Pacheco CDP, California – Racial and ethnic composition Note: the US Census treats Hispanic/Latino as an ethnic category. This table excludes Latinos from the racial categories and assigns them to a separate category. Hispanics/Latinos may be of any race.
| Race / Ethnicity (NH = Non-Hispanic) | Pop 2000 | Pop 2010 | Pop 2020 | % 2000 | % 2010 | % 2020 |
|---|---|---|---|---|---|---|
| White alone (NH) | 2,705 | 2,480 | 1,996 | 75.94% | 67.30% | 47.72% |
| Black or African American alone (NH) | 75 | 71 | 74 | 2.11% | 1.93% | 1.77% |
| Native American or Alaska Native alone (NH) | 22 | 19 | 11 | 0.62% | 0.52% | 0.26% |
| Asian alone (NH) | 250 | 360 | 470 | 7.02% | 9.77% | 11.24% |
| Native Hawaiian or Pacific Islander alone (NH) | 8 | 8 | 15 | 0.22% | 0.22% | 0.36% |
| Other race alone (NH) | 3 | 0 | 23 | 0.08% | 0.00% | 0.55% |
| Mixed race or Multiracial (NH) | 78 | 128 | 265 | 2.19% | 3.47% | 6.34% |
| Hispanic or Latino (any race) | 421 | 619 | 1,329 | 11.82% | 16.80% | 31.77% |
| Total | 3,562 | 3,685 | 4,183 | 100.00% | 100.00% | 100.00% |

===2020 census===
As of the 2020 census, Pacheco had a population of 4,183. The population density was 5,569.9 PD/sqmi.

The age distribution was 20.0% under the age of 18, 7.9% aged 18 to 24, 25.7% aged 25 to 44, 29.2% aged 45 to 64, and 17.2% who were 65 years of age or older. The median age was 41.7 years. For every 100 females, there were 93.4 males, and for every 100 females age 18 and over there were 92.3 males age 18 and over.
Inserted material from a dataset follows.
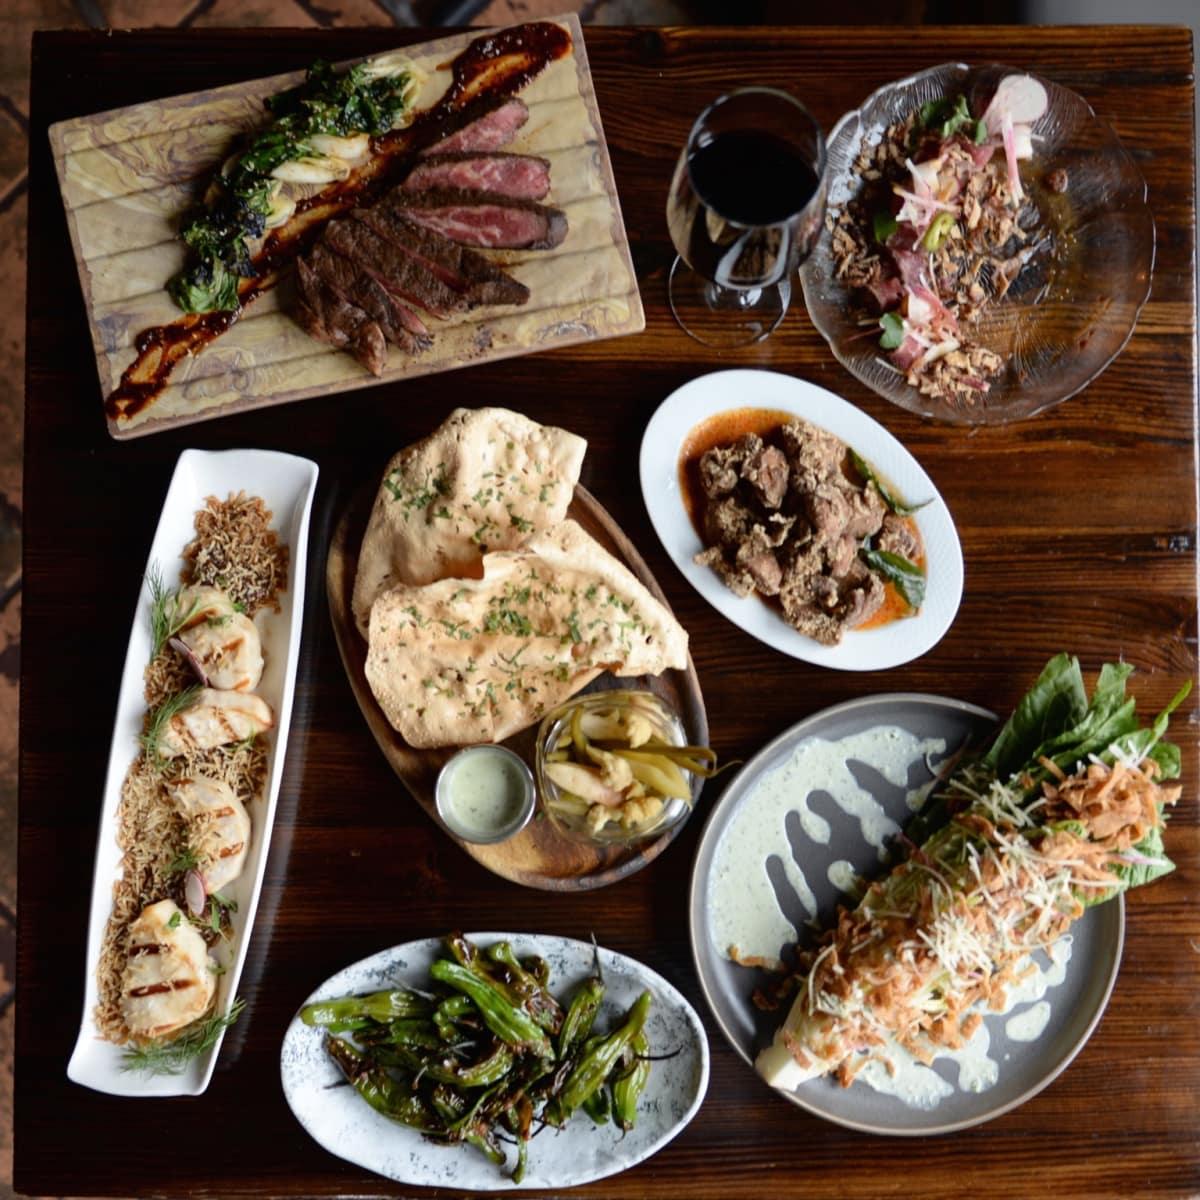 Ambrosia Happy Hour plates

The census reported that 100% of the population lived in households. 100.0% of residents lived in urban areas, while 0.0% lived in rural areas.

There were 1,630 households, out of which 28.7% included children under the age of 18. Of all households, 42.3% were married-couple households, 6.3% were cohabiting couple households, 30.4% had a female householder with no spouse or partner present, and 21.1% had a male householder with no spouse or partner present. 30.0% of households were one person, and 13.1% had someone living alone who was 65 years of age or older. The average household size was 2.57. There were 1,034 families (63.4% of all households).

There were 1,655 housing units at an average density of 2,203.7 /mi2, of which 98.5% were occupied. Of the occupied units, 78.3% were owner-occupied and 21.7% were occupied by renters. The homeowner vacancy rate was 0.4% and the rental vacancy rate was 0.6%.
==Education==
It is in the Mount Diablo Unified School District.

==Media==
The town of Pacheco is served by the daily newspaper, Contra Costa Times published by Bay Area News Group-East Bay (part of the Media News Group, Denver, Colorado). The paper was originally run and owned by the Lesher family.